At Galaxie Lighting, we believe in giving you the best service possible – that’s why we offer custom, in-store consulting to go over every aspect of your lighting needs! Our lighting design experts will help you determine the shape, size and style of lights to suit your house. And the best part? It’s free!

Here are a few tips to help you prepare for your consultation so we can help you in as quick and effortless way as possible.

Call for an appointment after your home is wired:

We are more than happy to help walk-ins, of course, but it’s best to call and schedule an appointment with one of our lighting experts. That way, you’re guaranteed one on one time to go over all of your needs.

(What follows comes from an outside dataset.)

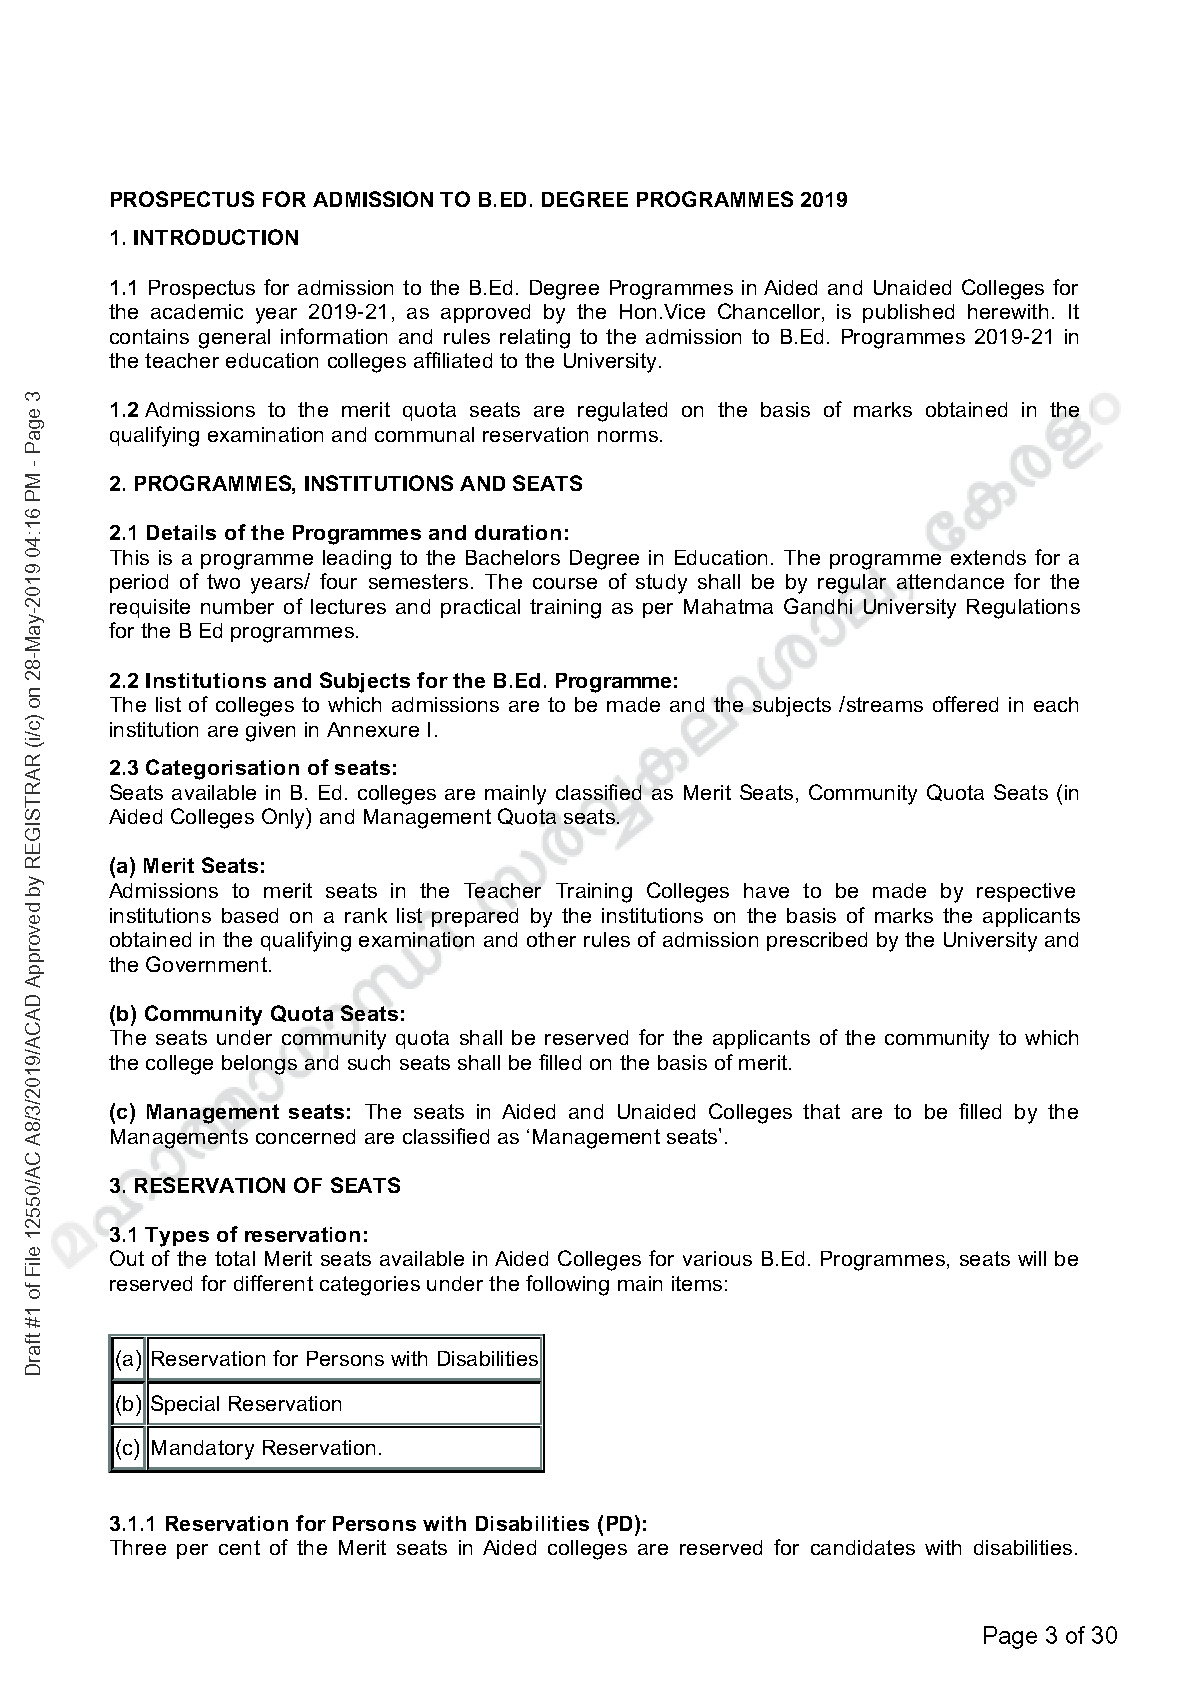 MG University B Ed Prospectus and Application form 2019 2020 - Notification Image 3

If you are building, the best time to begin your lighting consult is when your house has been wired or had a four-way inspection. This allows us to have enough time for your fixtures to be delivered, which is typically 2-3 weeks. If you are doing a remodel – you are welcome to schedule an appointment any time, just be aware that the shipping time is the same.

Bring in examples:

We LOVE when clients bring in examples! Whether it’s from our site, Pinterest, or Houzz (you can follow us on both for ideas), it helps our experts know your style when you’re able to bring in pictures of what you have loved. We can usually order the exact one, or find something similar that would better suit your price range.
Also, become familiar with style types and finishes that you have liked. If you know you hate chrome, it’s easier for us to steer you towards all oil rubbed bronze, for example. Even shapes come into play here: bell, round, and square glasses all give a distinct look, and come in different colors and transparencies. By having an idea of what you prefer, our experts can point you in exactly the right direction.

Create a wishlist:

Another easy way to help make your appointment run smoothly is to create a Galaxie Lighting wishlist beforehand. That way, all your consultant has to do is pull it up, and you’re ready to start ordering or make any changes you might need.

Have a budget in mind:

There is no such thing as a house without a budget – even the mult-imillion dollar houses that we have assisted have budgets for each aspect of their home. Rest assured that we are prepared to handle any budget and still find you the style that you need with light fixtures and fans that you will love.

Prepare to spend at least an hour to two hours:

A lighting consultation is a very in-depth meeting that goes over every fixture, from the tiniest flush mount to the biggest chandelier. We leave no stone unturned going over your house lighting needs, so please be prepared to spend an hour to two hours with our lighting design consultant. We want you to love the lights you buy from us, and not feeling rushed is part of that process.